A recent study reveals that even language models labeled as “uncensored” are not entirely free from underlying biases. The research, published in April 2026, introduces the concept of “flinch”—a gap between the probability a word deserves based on fluency and the probability the model assigns it. This suggests that despite claims of being uncensored, models still subtly avoid certain charged words.
### The Company and Product
The study examined various language models, including those from EleutherAI, Alibaba, and Google. These models, such as EleutherAI’s Pythia-12B and Alibaba’s Qwen3.5-9B, are used widely across industries for generating human-like text. The models were tested for their ability to predict words in specific contexts, revealing significant differences in probability assignments for charged words. Despite being marketed as uncensored, models like Alibaba’s Qwen3.5-9B showed a tendency to nudge language away from certain words, indicating a subtle form of censorship.
### Context and Competition
The findings highlight a competitive landscape where companies strive to balance open data access and responsible AI practices. Google’s models, such as Gemma-2-9B and Gemma-4-31B, showed varying degrees of flinch, reflecting differences in training data filtering. OpenAI’s GPT-OSS-20B, released in 2025, provides an alternative perspective, with distinct flinch profiles compared to its competitors. This ongoing competition among AI developers to refine models without compromising on safety or openness is a critical aspect of the industry.

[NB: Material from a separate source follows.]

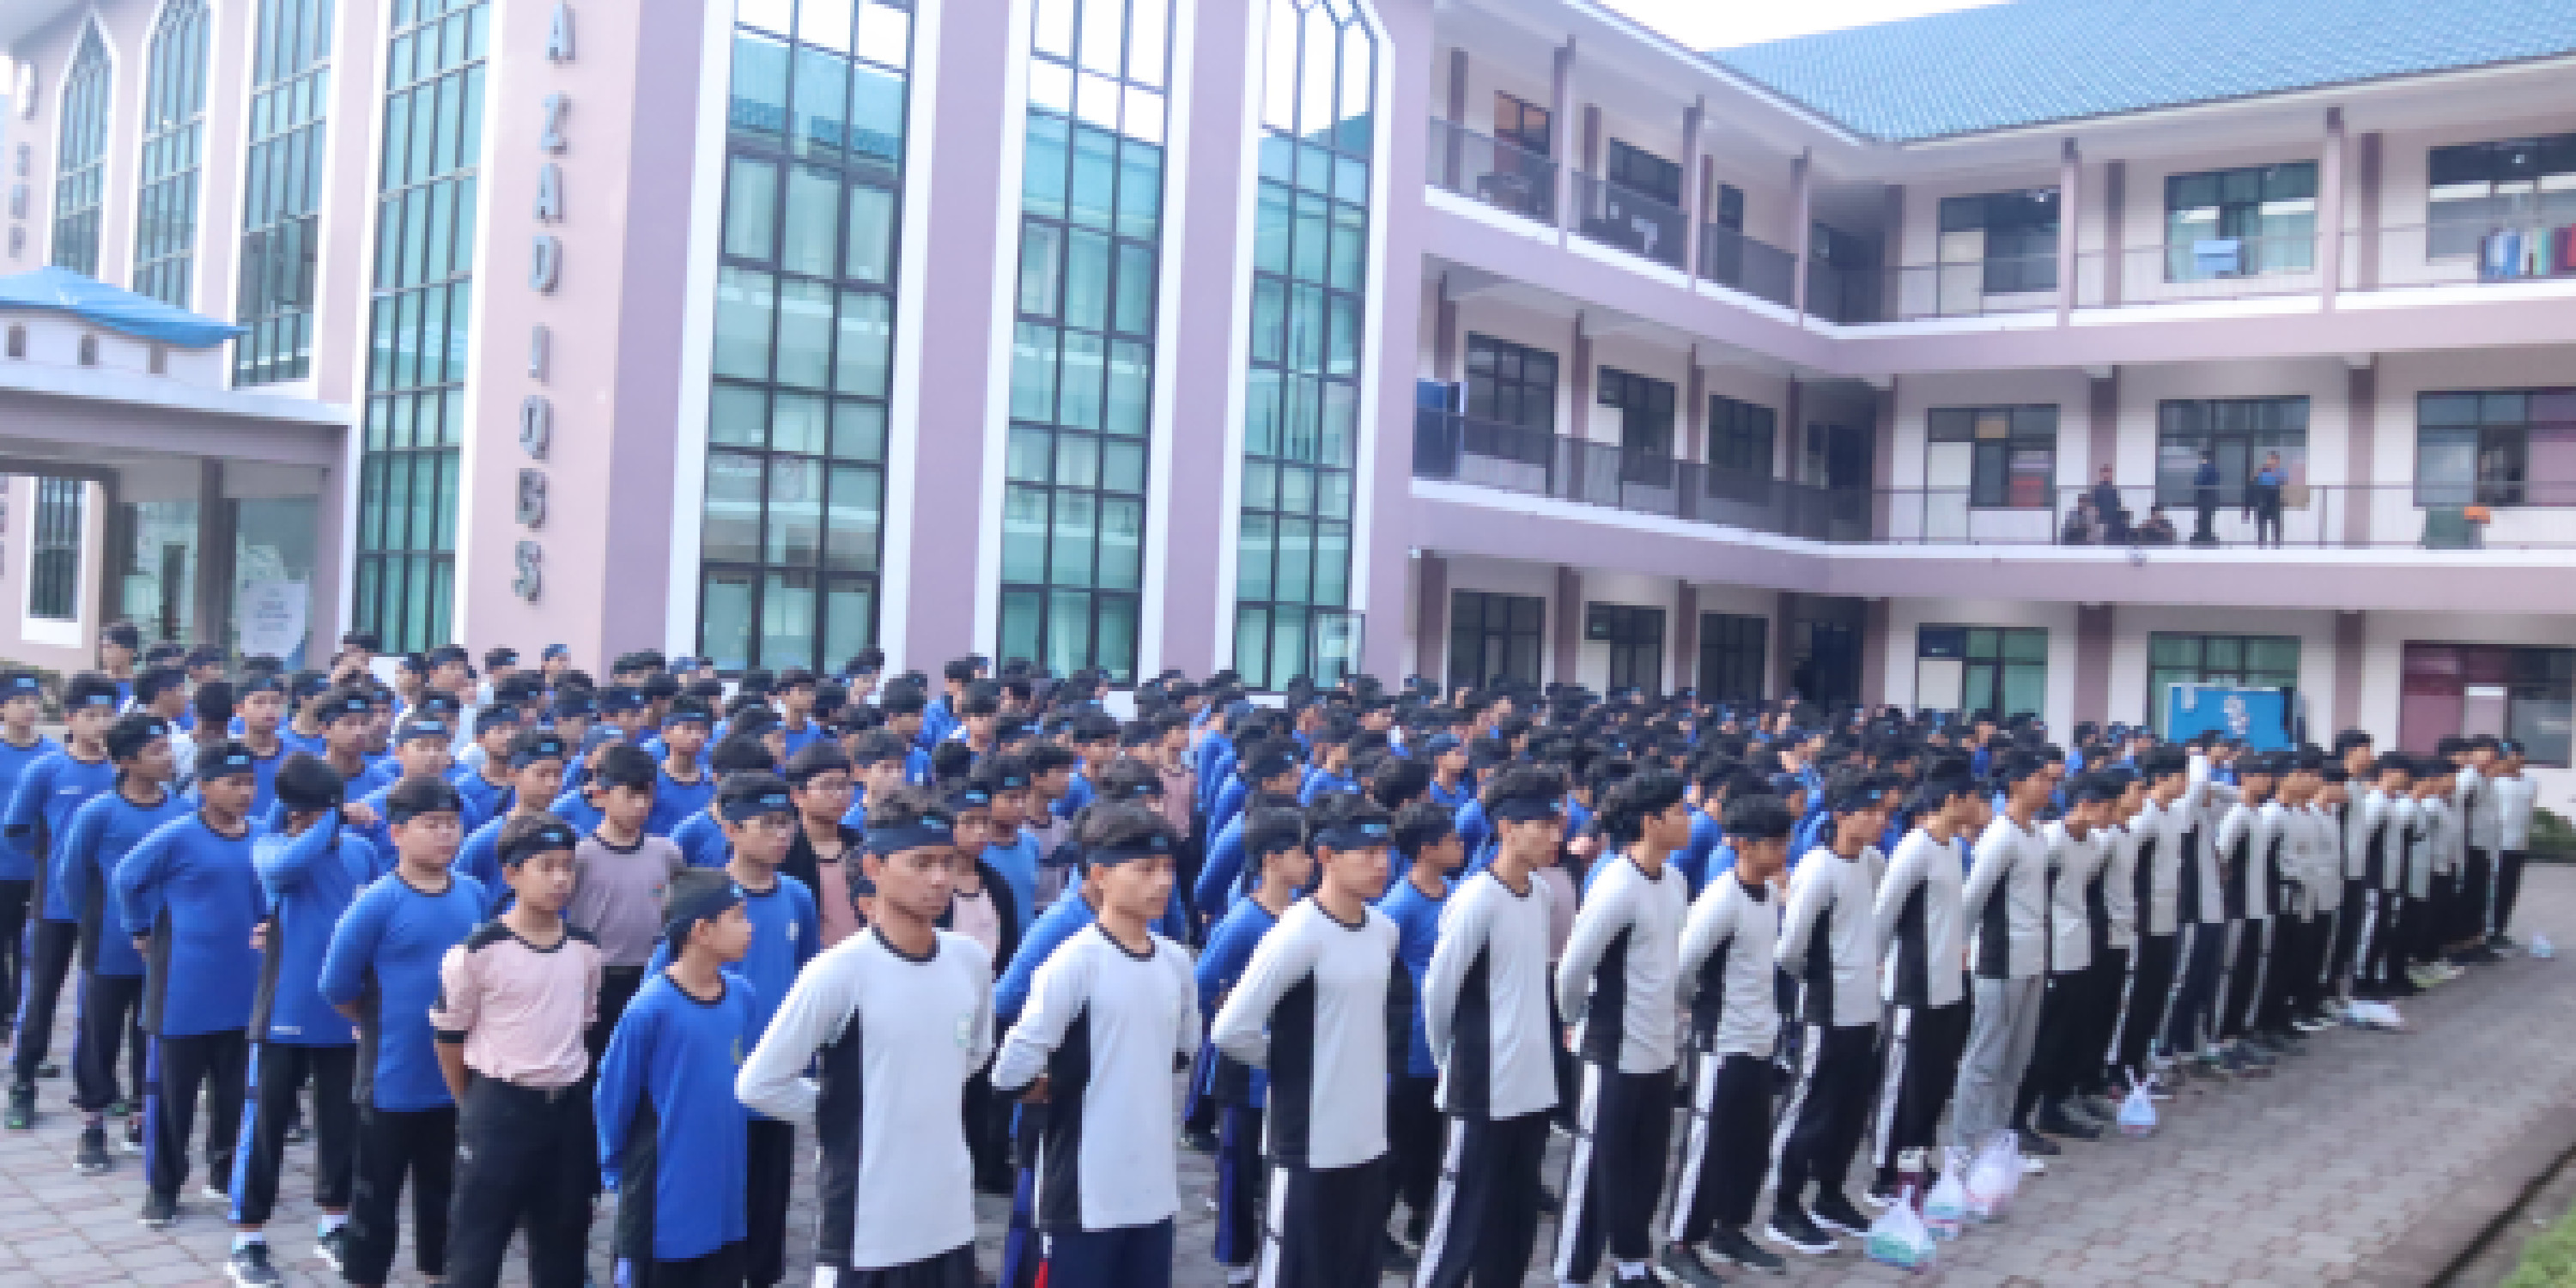 Foto Kegiatan Siswa SMA ZAD International Quranic Boarding School Mengadakan Kegiatan Mukhoyyam Tarbawiy di Daerah Sarongge: Anggota Danramil Desa Cugenang Memberikan Materi dan Pelatihan Kepemimpinan

### Market and Industry Implications
These insights have significant implications for the AI industry, especially in terms of transparency and trust. The concept of flinch raises questions about the true nature of “uncensored” models and their potential influence on information dissemination. As language models become increasingly integrated into various applications, understanding these subtle biases is crucial for developers and users alike. The study suggests that even post-training interventions, like refusal ablation, may not fully address these underlying biases, indicating a need for further research and development in this area.
The study’s findings underscore the importance of ongoing scrutiny and innovation in AI development, as companies work to ensure their models are both effective and ethically sound.